2)コンサルティングファームでの収入は?
年収面では、コンサルティングファームは税理士業界の中でも最高水準を誇ります。20代や30代前半の若手コンサルタントでも
年収500万円から700万円程度からスタート
。
・シニアコンサルタント:年収800万円~1,000万円
・マネージャークラス:年収1,000万円~1,500万円
こうした給与レンジが一般的です。さらにパートナークラスに到達すれば、年収1,500万円以上も十分に視野に入ってくるでしょう。

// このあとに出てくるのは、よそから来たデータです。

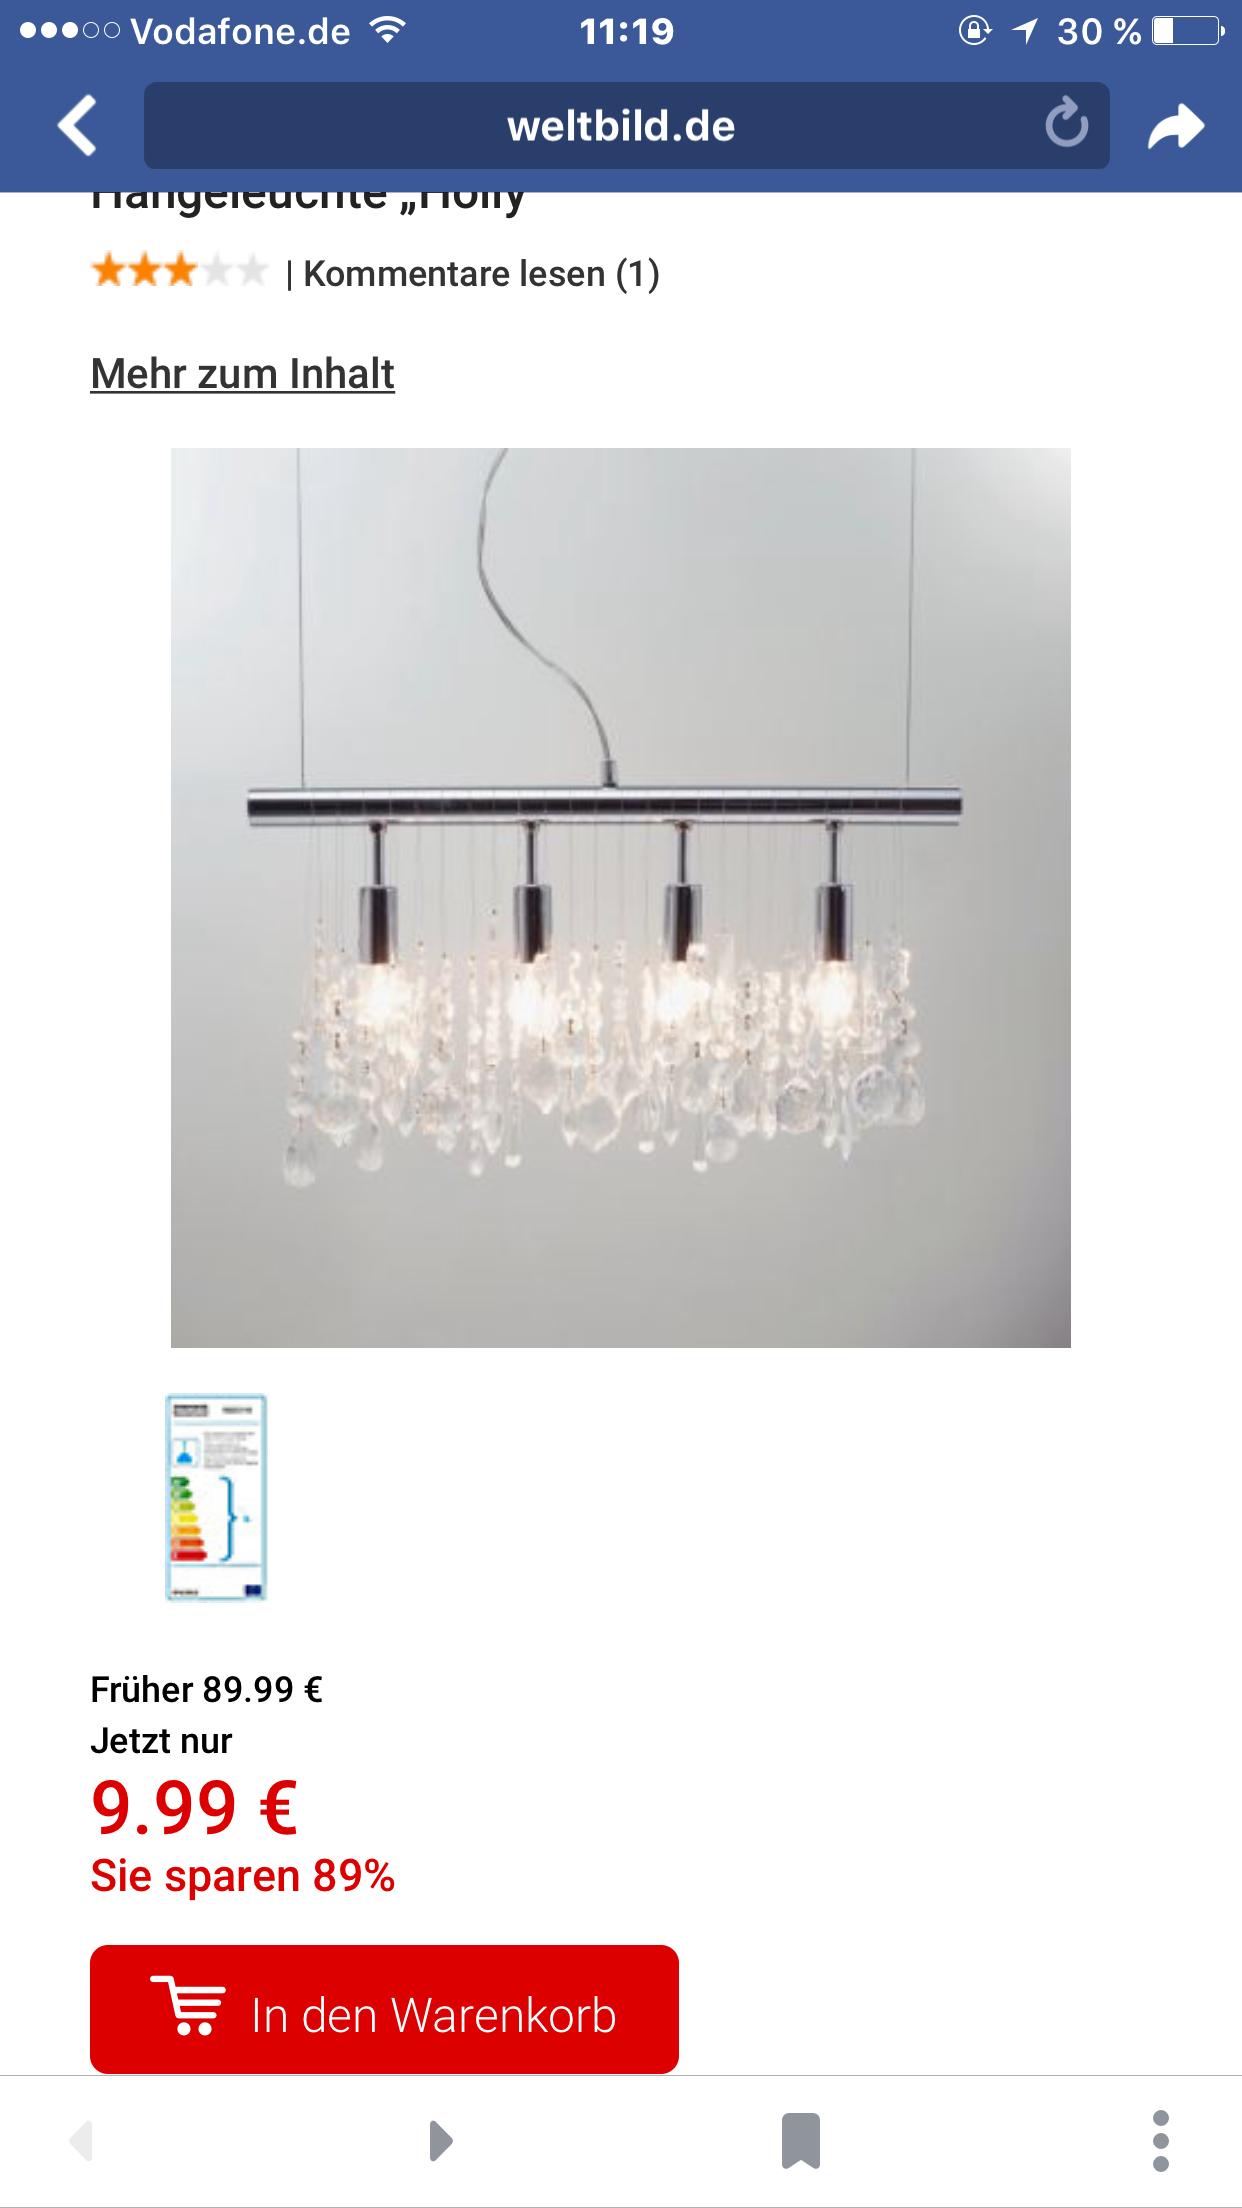 [Weltbild] tolle Lampe 90% reduziert, sogar versandkostenfrei

また、実力次第で年齢に関係なく高年収を実現できるのも、コンサルティングファームの大きな魅力のひとつです。
3)コンサルティングファームへの転職で求められる能力
コンサルティングファームへの転職は、税理士資格だけでは不十分で、
即戦力としての実務経験とコンサルティングスキルが重視
されます。特にM&Aや組織再編、国際税務といった高度な税務案件に関わった経験があれば、採用において大きな強みとなります。

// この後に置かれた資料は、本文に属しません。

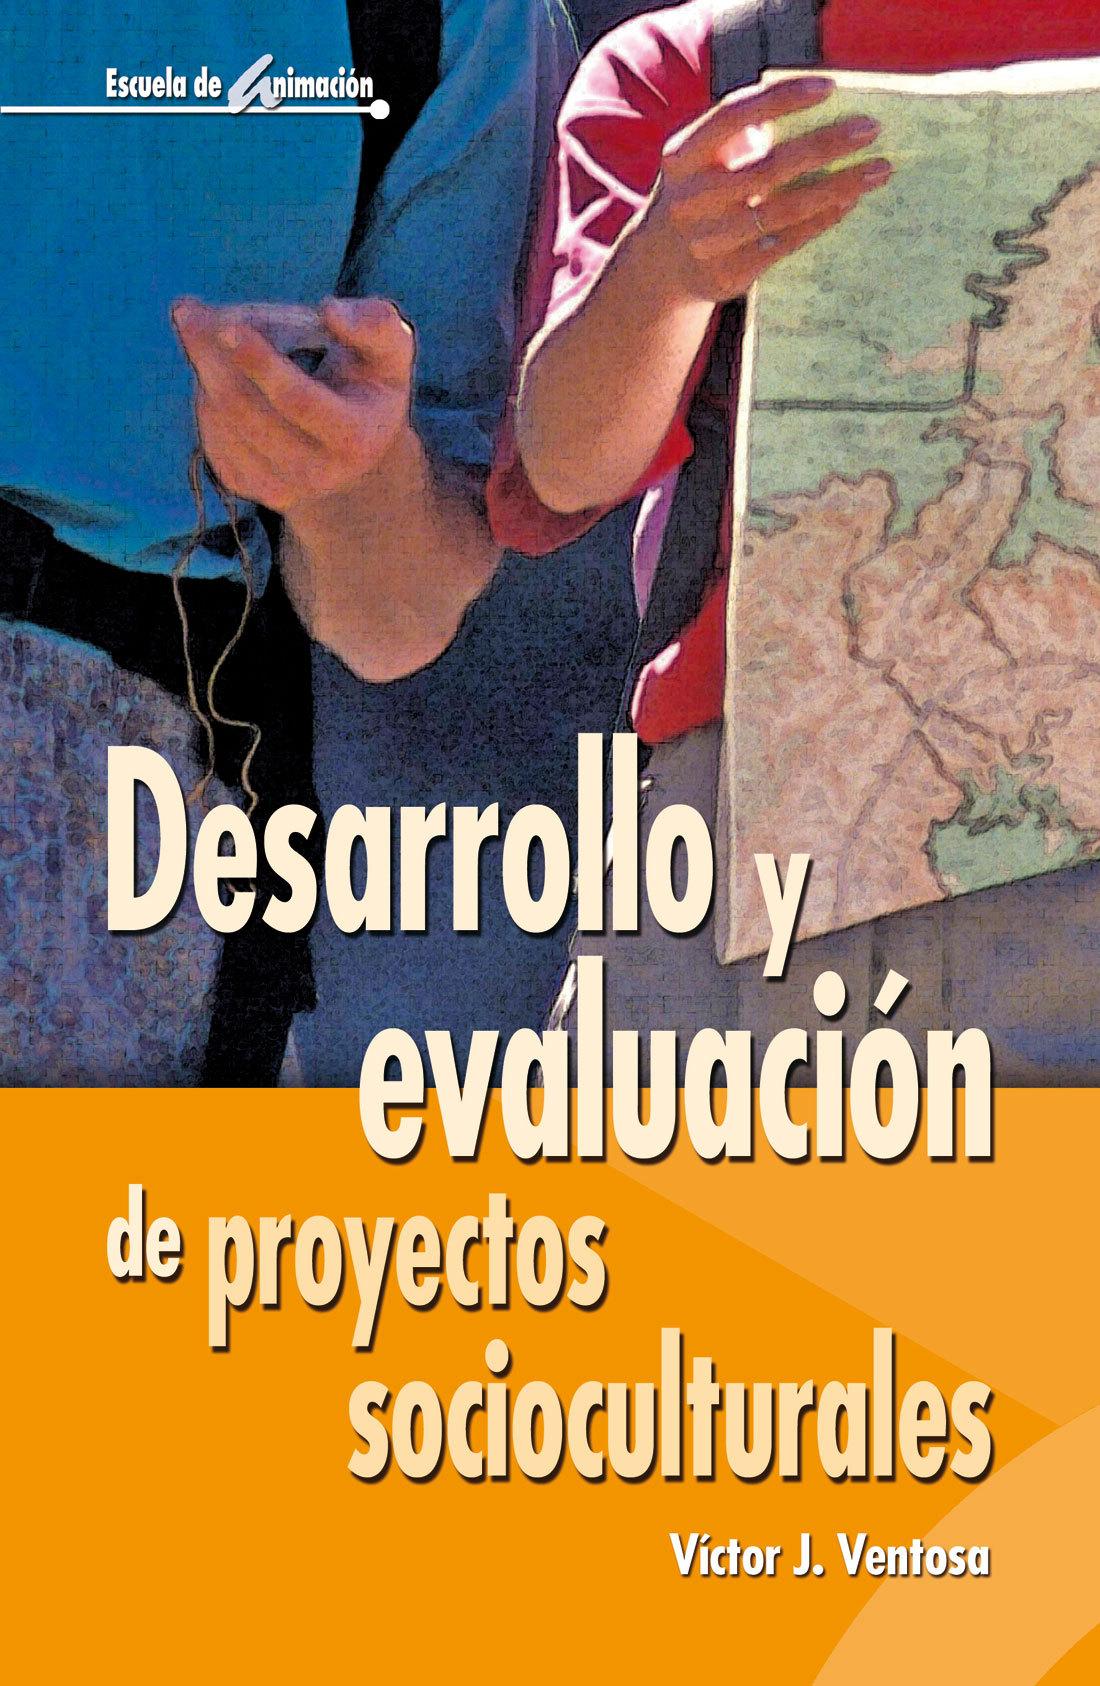 DESARROLLO Y EVALUACION DE PROYECTOS SOCIOCULTURALES

それだけに、単に税務処理ができるだけでなく、ビジネス全体を俯瞰し、クライアントの経営課題を理解した上で税務戦略を提案できる能力が求められます。
4)コンサルタントとして成功するために必要なもの
コンサルタントとして成功するには、
論理的思考力とコミュニケーション能力
が不可欠です。複雑な税務問題を分析し、クライアント経営陣に対して分かりやすくプレゼンテーションする能力、プロジェクトを円滑にマネジメントする能力など。税務知識以外のビジネススキルも重要になります。加えてExcelやPowerPointといったツールを使いこなすスキルも必須です。
■コンサルティングファームでのキャリアと働き方
コンサルティングファームでは、成果主義の評価体系が一般的です。プロジェクトごとの成果が評価され、優秀な成績を収めれば年齢や経験年数に関係なく昇進や昇給のチャンスがあります。逆に成果を出せなければ厳しい評価を受けることもあり、実力本位の世界と言えます。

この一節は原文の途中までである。